I see him as a bottom-six forward at the AHL level, at least for now. He’s 6’4” and gets on his opponent’s nerves, so there’s a chance that he can continue to work his way up into a 4th line NHL role someday, but I will be a little bit surprised if he ends up with a long NHL career. I will be rooting for him, but I still think it’s a bit of a long-shot at this point. - Kevin

What cannot be ignored is that Marchment himself has set the expectations bar high for this coming season. On a relative basis, I think only Pierre Engvall and Trevor Moore have higher expectations for moving up their place on the Marlies depth chart from last season (I am excluding Travis Dermott and Andreas Johnsson as I consider them to be full-time Leafs players already).

Marchment’s game is seemingly chaotic at times, though he can use that to his advantage. The number of times I was shaking my head and saying “what is Marchment doing,” only to then see him get the puck and score anyway was enough to make me think there must be method to the madness of his play.

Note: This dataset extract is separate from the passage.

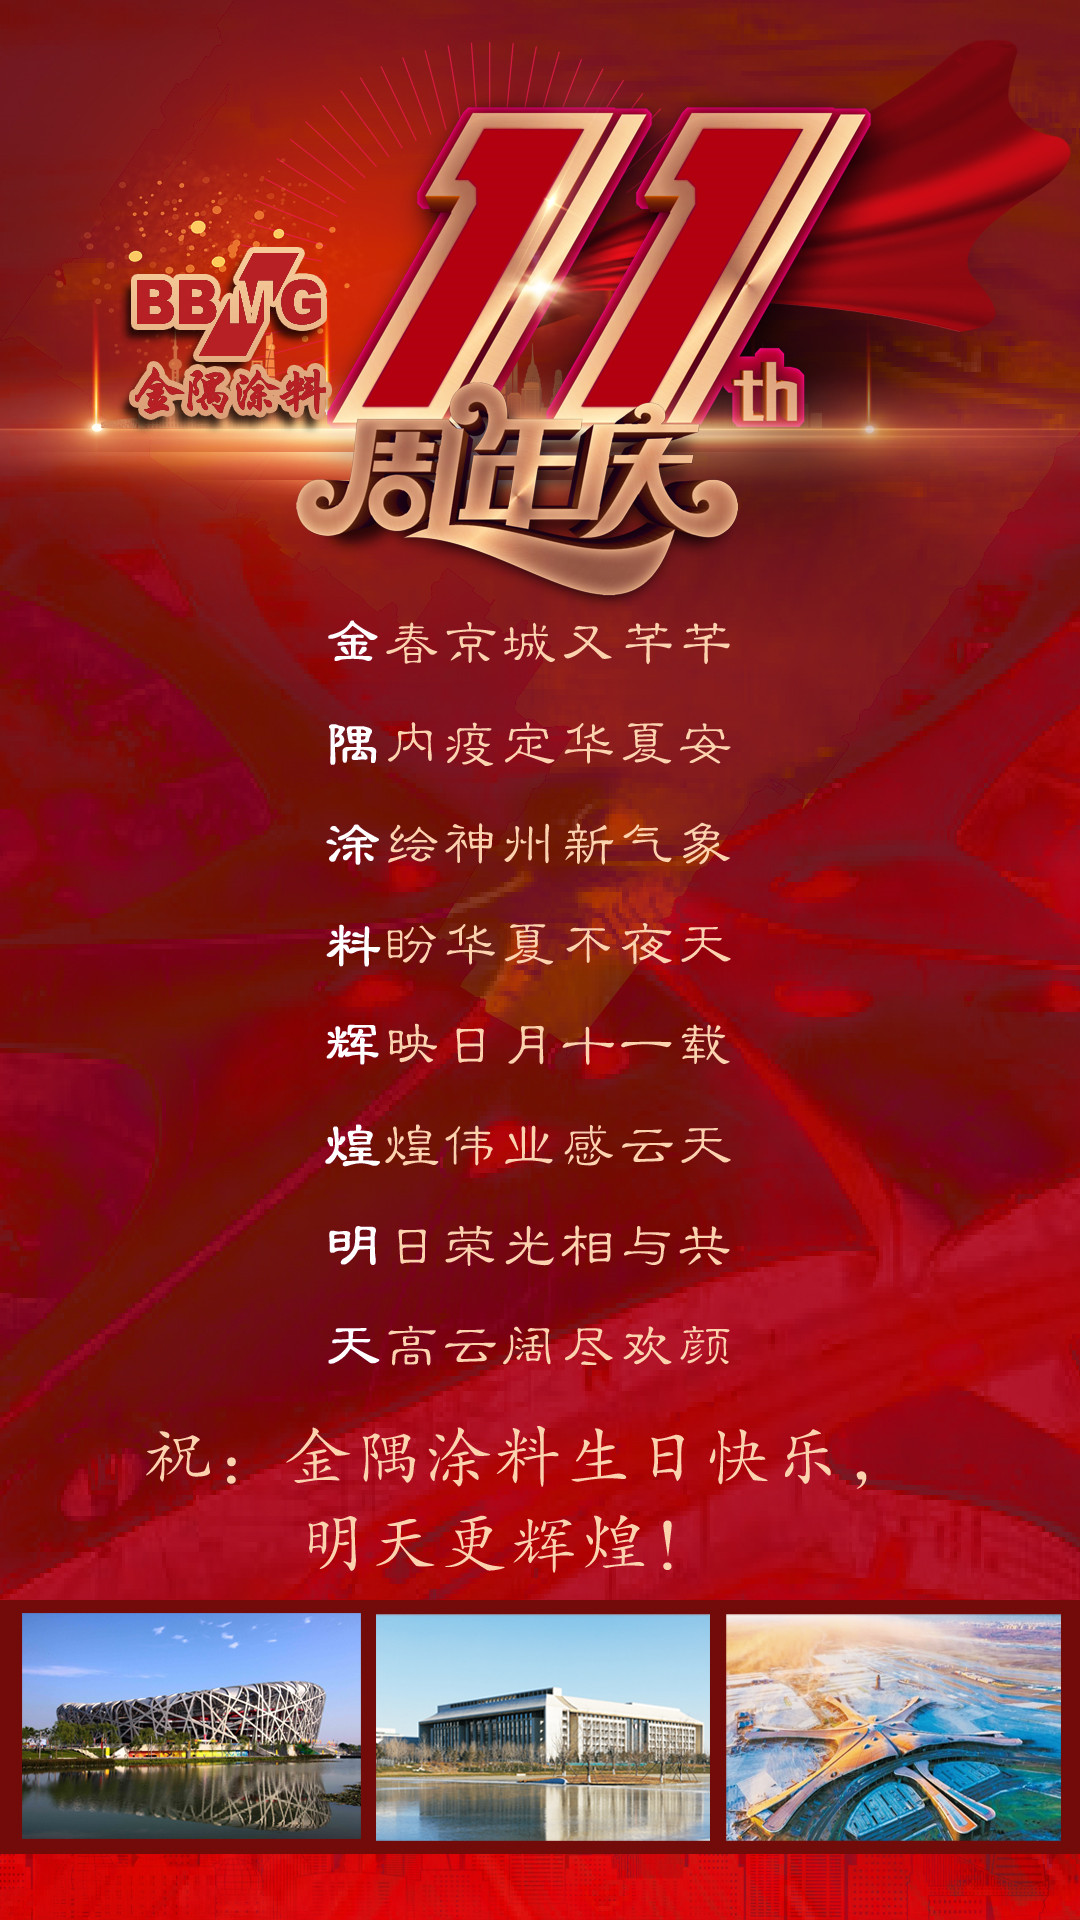 亚博电竞唯一官网亚博体育app下载安装苹果版11周年庆_副本.jpg

However, I am not certain that translates well to the NHL level. At lower levels chaos can be harnessed to your advantage, but at the top level it is more of a liability than an asset.

What’s Next for Marchment?

I was at a Marlies practice during that long pause the team had after the conference final round of the playoffs and got to talk to him. He was one of the last off the ice that day, staying out to practice puck deflections into the net. I asked him what he was up to, and his response was simply “I just like practicing that.”

That’s the vibe I get from Marchment any time I talk to him. He really is that guy who just loves playing hockey. If you need more evidence, look at his reaction to scoring here.

What can Marchment realistically expect to achieve in the future? As Gordon Pinset’s character on that Power Play clip above said: “strange things happen, kid.” Perhaps Marchment really does have more to offer than people have so far noticed from casual observation. I can see him get his chance for a tryout with the Leafs in a game this season.

That’s why I have him ranked in our Top 25.